» Prompt
Beneath this task is a listing; retype all of it exactly.

» Study material
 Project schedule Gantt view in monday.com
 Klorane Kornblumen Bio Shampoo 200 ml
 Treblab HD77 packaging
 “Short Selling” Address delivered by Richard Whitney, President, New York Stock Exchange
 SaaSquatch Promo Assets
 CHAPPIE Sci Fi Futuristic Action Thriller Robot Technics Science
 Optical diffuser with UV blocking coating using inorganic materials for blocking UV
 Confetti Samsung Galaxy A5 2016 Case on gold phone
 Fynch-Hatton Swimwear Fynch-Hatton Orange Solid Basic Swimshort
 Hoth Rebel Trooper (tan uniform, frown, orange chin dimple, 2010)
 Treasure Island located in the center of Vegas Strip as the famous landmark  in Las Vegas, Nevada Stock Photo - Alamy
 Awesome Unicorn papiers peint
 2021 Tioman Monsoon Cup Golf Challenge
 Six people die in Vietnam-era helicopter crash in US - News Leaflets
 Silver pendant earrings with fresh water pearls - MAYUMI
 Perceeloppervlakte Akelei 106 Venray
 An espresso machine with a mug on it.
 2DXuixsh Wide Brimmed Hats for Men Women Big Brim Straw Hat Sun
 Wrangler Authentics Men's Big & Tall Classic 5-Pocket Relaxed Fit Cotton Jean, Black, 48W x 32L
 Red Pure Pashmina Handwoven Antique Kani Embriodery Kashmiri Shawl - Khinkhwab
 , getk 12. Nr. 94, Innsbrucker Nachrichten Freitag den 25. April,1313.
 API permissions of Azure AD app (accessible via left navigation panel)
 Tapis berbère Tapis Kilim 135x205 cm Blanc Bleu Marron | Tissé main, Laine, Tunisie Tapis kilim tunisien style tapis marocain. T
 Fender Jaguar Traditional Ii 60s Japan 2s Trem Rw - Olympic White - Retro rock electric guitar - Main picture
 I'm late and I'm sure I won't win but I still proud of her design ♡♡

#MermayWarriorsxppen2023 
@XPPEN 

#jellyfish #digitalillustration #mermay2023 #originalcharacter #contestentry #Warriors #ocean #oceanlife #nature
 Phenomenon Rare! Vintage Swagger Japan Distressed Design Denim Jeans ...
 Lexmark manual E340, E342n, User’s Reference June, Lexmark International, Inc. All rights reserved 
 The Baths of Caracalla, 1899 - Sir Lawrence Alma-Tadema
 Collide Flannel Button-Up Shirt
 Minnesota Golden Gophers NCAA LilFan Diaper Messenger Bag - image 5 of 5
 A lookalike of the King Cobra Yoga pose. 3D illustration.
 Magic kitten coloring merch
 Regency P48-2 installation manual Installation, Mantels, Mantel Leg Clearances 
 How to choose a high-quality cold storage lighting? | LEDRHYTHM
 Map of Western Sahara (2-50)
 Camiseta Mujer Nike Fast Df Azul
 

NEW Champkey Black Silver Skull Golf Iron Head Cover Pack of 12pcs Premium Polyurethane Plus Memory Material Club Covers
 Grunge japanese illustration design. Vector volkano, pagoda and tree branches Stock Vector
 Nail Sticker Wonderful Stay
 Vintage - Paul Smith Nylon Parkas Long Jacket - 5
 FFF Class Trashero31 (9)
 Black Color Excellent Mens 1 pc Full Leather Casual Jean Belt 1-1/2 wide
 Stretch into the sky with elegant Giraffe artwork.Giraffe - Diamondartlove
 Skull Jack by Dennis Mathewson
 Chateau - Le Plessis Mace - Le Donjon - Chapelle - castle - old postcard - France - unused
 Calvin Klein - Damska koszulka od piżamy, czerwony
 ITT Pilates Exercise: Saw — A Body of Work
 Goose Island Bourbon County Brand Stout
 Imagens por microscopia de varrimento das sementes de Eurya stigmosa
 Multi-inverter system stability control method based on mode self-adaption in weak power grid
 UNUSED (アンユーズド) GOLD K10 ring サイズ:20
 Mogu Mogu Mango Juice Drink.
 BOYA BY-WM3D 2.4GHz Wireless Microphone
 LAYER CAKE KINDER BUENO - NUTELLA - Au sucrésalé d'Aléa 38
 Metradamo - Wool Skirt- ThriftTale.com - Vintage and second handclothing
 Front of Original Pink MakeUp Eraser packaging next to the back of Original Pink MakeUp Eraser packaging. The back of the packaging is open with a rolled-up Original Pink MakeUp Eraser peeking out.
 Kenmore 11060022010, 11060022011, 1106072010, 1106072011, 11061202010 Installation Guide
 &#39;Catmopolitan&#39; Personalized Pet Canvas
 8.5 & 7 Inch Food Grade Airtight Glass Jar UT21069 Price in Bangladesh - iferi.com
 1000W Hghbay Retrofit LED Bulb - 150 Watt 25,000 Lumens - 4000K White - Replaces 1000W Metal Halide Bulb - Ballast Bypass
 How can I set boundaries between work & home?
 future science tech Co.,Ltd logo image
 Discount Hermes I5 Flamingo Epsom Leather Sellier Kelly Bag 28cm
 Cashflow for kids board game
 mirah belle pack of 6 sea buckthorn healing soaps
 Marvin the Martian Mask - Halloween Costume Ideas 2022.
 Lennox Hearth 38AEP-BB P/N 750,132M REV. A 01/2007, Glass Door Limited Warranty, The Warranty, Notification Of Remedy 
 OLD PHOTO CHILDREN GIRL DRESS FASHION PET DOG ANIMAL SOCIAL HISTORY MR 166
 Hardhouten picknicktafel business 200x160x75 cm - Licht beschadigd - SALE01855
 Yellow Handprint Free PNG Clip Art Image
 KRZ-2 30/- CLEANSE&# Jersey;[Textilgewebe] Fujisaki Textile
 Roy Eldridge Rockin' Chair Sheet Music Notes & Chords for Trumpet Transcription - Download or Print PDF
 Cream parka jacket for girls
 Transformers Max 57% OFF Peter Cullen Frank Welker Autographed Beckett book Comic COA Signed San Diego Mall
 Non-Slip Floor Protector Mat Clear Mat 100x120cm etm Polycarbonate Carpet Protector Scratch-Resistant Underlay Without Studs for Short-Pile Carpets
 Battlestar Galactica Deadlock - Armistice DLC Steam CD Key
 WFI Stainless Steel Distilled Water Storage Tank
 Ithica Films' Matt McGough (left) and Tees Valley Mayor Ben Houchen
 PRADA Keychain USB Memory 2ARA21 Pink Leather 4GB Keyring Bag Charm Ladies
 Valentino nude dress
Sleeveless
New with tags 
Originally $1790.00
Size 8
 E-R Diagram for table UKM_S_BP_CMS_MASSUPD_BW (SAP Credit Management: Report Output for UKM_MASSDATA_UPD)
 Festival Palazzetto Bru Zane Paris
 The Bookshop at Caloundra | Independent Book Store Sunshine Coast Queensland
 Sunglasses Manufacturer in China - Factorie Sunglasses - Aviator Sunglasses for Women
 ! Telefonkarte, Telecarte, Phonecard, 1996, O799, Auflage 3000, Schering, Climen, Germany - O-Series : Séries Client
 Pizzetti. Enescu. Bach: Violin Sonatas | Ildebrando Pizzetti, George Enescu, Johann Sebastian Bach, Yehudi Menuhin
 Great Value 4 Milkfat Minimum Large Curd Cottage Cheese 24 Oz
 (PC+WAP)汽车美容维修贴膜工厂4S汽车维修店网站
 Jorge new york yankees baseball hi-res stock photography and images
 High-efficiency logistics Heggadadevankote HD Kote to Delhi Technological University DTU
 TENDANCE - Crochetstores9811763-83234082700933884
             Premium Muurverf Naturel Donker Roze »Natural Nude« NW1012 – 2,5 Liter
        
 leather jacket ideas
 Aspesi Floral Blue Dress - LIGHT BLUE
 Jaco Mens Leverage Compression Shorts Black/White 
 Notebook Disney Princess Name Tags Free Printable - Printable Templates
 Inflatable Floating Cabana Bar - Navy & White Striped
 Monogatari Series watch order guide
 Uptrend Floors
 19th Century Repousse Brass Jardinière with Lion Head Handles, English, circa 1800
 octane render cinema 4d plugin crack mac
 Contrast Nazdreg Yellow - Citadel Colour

» Answer to this task
 Project schedule Gantt view in monday.com
 Klorane Kornblumen Bio Shampoo 200 ml
 Treblab HD77 packaging
 “Short Selling” Address delivered by Richard Whitney, President, New York Stock Exchange
 SaaSquatch Promo Assets
 CHAPPIE Sci Fi Futuristic Action Thriller Robot Technics Science
 Optical diffuser with UV blocking coating using inorganic materials for blocking UV
 Confetti Samsung Galaxy A5 2016 Case on gold phone
 Fynch-Hatton Swimwear Fynch-Hatton Orange Solid Basic Swimshort
 Hoth Rebel Trooper (tan uniform, frown, orange chin dimple, 2010)
 Treasure Island located in the center of Vegas Strip as the famous landmark  in Las Vegas, Nevada Stock Photo - Alamy
 Awesome Unicorn papiers peint
 2021 Tioman Monsoon Cup Golf Challenge
 Six people die in Vietnam-era helicopter crash in US - News Leaflets
 Silver pendant earrings with fresh water pearls - MAYUMI
 Perceeloppervlakte Akelei 106 Venray
 An espresso machine with a mug on it.
 2DXuixsh Wide Brimmed Hats for Men Women Big Brim Straw Hat Sun
 Wrangler Authentics Men's Big & Tall Classic 5-Pocket Relaxed Fit Cotton Jean, Black, 48W x 32L
 Red Pure Pashmina Handwoven Antique Kani Embriodery Kashmiri Shawl - Khinkhwab
 , getk 12. Nr. 94, Innsbrucker Nachrichten Freitag den 25. April,1313.
 API permissions of Azure AD app (accessible via left navigation panel)
 Tapis berbère Tapis Kilim 135x205 cm Blanc Bleu Marron | Tissé main, Laine, Tunisie Tapis kilim tunisien style tapis marocain. T
 Fender Jaguar Traditional Ii 60s Japan 2s Trem Rw - Olympic White - Retro rock electric guitar - Main picture
 I'm late and I'm sure I won't win but I still proud of her design ♡♡

#MermayWarriorsxppen2023 
@XPPEN 

#jellyfish #digitalillustration #mermay2023 #originalcharacter #contestentry #Warriors #ocean #oceanlife #nature
 Phenomenon Rare! Vintage Swagger Japan Distressed Design Denim Jeans ...
 Lexmark manual E340, E342n, User’s Reference June, Lexmark International, Inc. All rights reserved 
 The Baths of Caracalla, 1899 - Sir Lawrence Alma-Tadema
 Collide Flannel Button-Up Shirt
 Minnesota Golden Gophers NCAA LilFan Diaper Messenger Bag - image 5 of 5
 A lookalike of the King Cobra Yoga pose. 3D illustration.
 Magic kitten coloring merch
 Regency P48-2 installation manual Installation, Mantels, Mantel Leg Clearances 
 How to choose a high-quality cold storage lighting? | LEDRHYTHM
 Map of Western Sahara (2-50)
 Camiseta Mujer Nike Fast Df Azul
 

NEW Champkey Black Silver Skull Golf Iron Head Cover Pack of 12pcs Premium Polyurethane Plus Memory Material Club Covers
 Grunge japanese illustration design. Vector volkano, pagoda and tree branches Stock Vector
 Nail Sticker Wonderful Stay
 Vintage - Paul Smith Nylon Parkas Long Jacket - 5
 FFF Class Trashero31 (9)
 Black Color Excellent Mens 1 pc Full Leather Casual Jean Belt 1-1/2 wide
 Stretch into the sky with elegant Giraffe artwork.Giraffe - Diamondartlove
 Skull Jack by Dennis Mathewson
 Chateau - Le Plessis Mace - Le Donjon - Chapelle - castle - old postcard - France - unused
 Calvin Klein - Damska koszulka od piżamy, czerwony
 ITT Pilates Exercise: Saw — A Body of Work
 Goose Island Bourbon County Brand Stout
 Imagens por microscopia de varrimento das sementes de Eurya stigmosa
 Multi-inverter system stability control method based on mode self-adaption in weak power grid
 UNUSED (アンユーズド) GOLD K10 ring サイズ:20
 Mogu Mogu Mango Juice Drink.
 BOYA BY-WM3D 2.4GHz Wireless Microphone
 LAYER CAKE KINDER BUENO - NUTELLA - Au sucrésalé d'Aléa 38
 Metradamo - Wool Skirt- ThriftTale.com - Vintage and second handclothing
 Front of Original Pink MakeUp Eraser packaging next to the back of Original Pink MakeUp Eraser packaging. The back of the packaging is open with a rolled-up Original Pink MakeUp Eraser peeking out.
 Kenmore 11060022010, 11060022011, 1106072010, 1106072011, 11061202010 Installation Guide
 &#39;Catmopolitan&#39; Personalized Pet Canvas
 8.5 & 7 Inch Food Grade Airtight Glass Jar UT21069 Price in Bangladesh - iferi.com
 1000W Hghbay Retrofit LED Bulb - 150 Watt 25,000 Lumens - 4000K White - Replaces 1000W Metal Halide Bulb - Ballast Bypass
 How can I set boundaries between work & home?
 future science tech Co.,Ltd logo image
 Discount Hermes I5 Flamingo Epsom Leather Sellier Kelly Bag 28cm
 Cashflow for kids board game
 mirah belle pack of 6 sea buckthorn healing soaps
 Marvin the Martian Mask - Halloween Costume Ideas 2022.
 Lennox Hearth 38AEP-BB P/N 750,132M REV. A 01/2007, Glass Door Limited Warranty, The Warranty, Notification Of Remedy 
 OLD PHOTO CHILDREN GIRL DRESS FASHION PET DOG ANIMAL SOCIAL HISTORY MR 166
 Hardhouten picknicktafel business 200x160x75 cm - Licht beschadigd - SALE01855
 Yellow Handprint Free PNG Clip Art Image
 KRZ-2 30/- CLEANSE&# Jersey;[Textilgewebe] Fujisaki Textile
 Roy Eldridge Rockin' Chair Sheet Music Notes & Chords for Trumpet Transcription - Download or Print PDF
 Cream parka jacket for girls
 Transformers Max 57% OFF Peter Cullen Frank Welker Autographed Beckett book Comic COA Signed San Diego Mall
 Non-Slip Floor Protector Mat Clear Mat 100x120cm etm Polycarbonate Carpet Protector Scratch-Resistant Underlay Without Studs for Short-Pile Carpets
 Battlestar Galactica Deadlock - Armistice DLC Steam CD Key
 WFI Stainless Steel Distilled Water Storage Tank
 Ithica Films' Matt McGough (left) and Tees Valley Mayor Ben Houchen
 PRADA Keychain USB Memory 2ARA21 Pink Leather 4GB Keyring Bag Charm Ladies
 Valentino nude dress
Sleeveless
New with tags 
Originally $1790.00
Size 8
 E-R Diagram for table UKM_S_BP_CMS_MASSUPD_BW (SAP Credit Management: Report Output for UKM_MASSDATA_UPD)
 Festival Palazzetto Bru Zane Paris
 The Bookshop at Caloundra | Independent Book Store Sunshine Coast Queensland
 Sunglasses Manufacturer in China - Factorie Sunglasses - Aviator Sunglasses for Women
 ! Telefonkarte, Telecarte, Phonecard, 1996, O799, Auflage 3000, Schering, Climen, Germany - O-Series : Séries Client
 Pizzetti. Enescu. Bach: Violin Sonatas | Ildebrando Pizzetti, George Enescu, Johann Sebastian Bach, Yehudi Menuhin
 Great Value 4 Milkfat Minimum Large Curd Cottage Cheese 24 Oz
 (PC+WAP)汽车美容维修贴膜工厂4S汽车维修店网站
 Jorge new york yankees baseball hi-res stock photography and images
 High-efficiency logistics Heggadadevankote HD Kote to Delhi Technological University DTU
 TENDANCE - Crochetstores9811763-83234082700933884
             Premium Muurverf Naturel Donker Roze »Natural Nude« NW1012 – 2,5 Liter
        
 leather jacket ideas
 Aspesi Floral Blue Dress - LIGHT BLUE
 Jaco Mens Leverage Compression Shorts Black/White 
 Notebook Disney Princess Name Tags Free Printable - Printable Templates
 Inflatable Floating Cabana Bar - Navy & White Striped
 Monogatari Series watch order guide
 Uptrend Floors
 19th Century Repousse Brass Jardinière with Lion Head Handles, English, circa 1800
 octane render cinema 4d plugin crack mac
 Contrast Nazdreg Yellow - Citadel Colour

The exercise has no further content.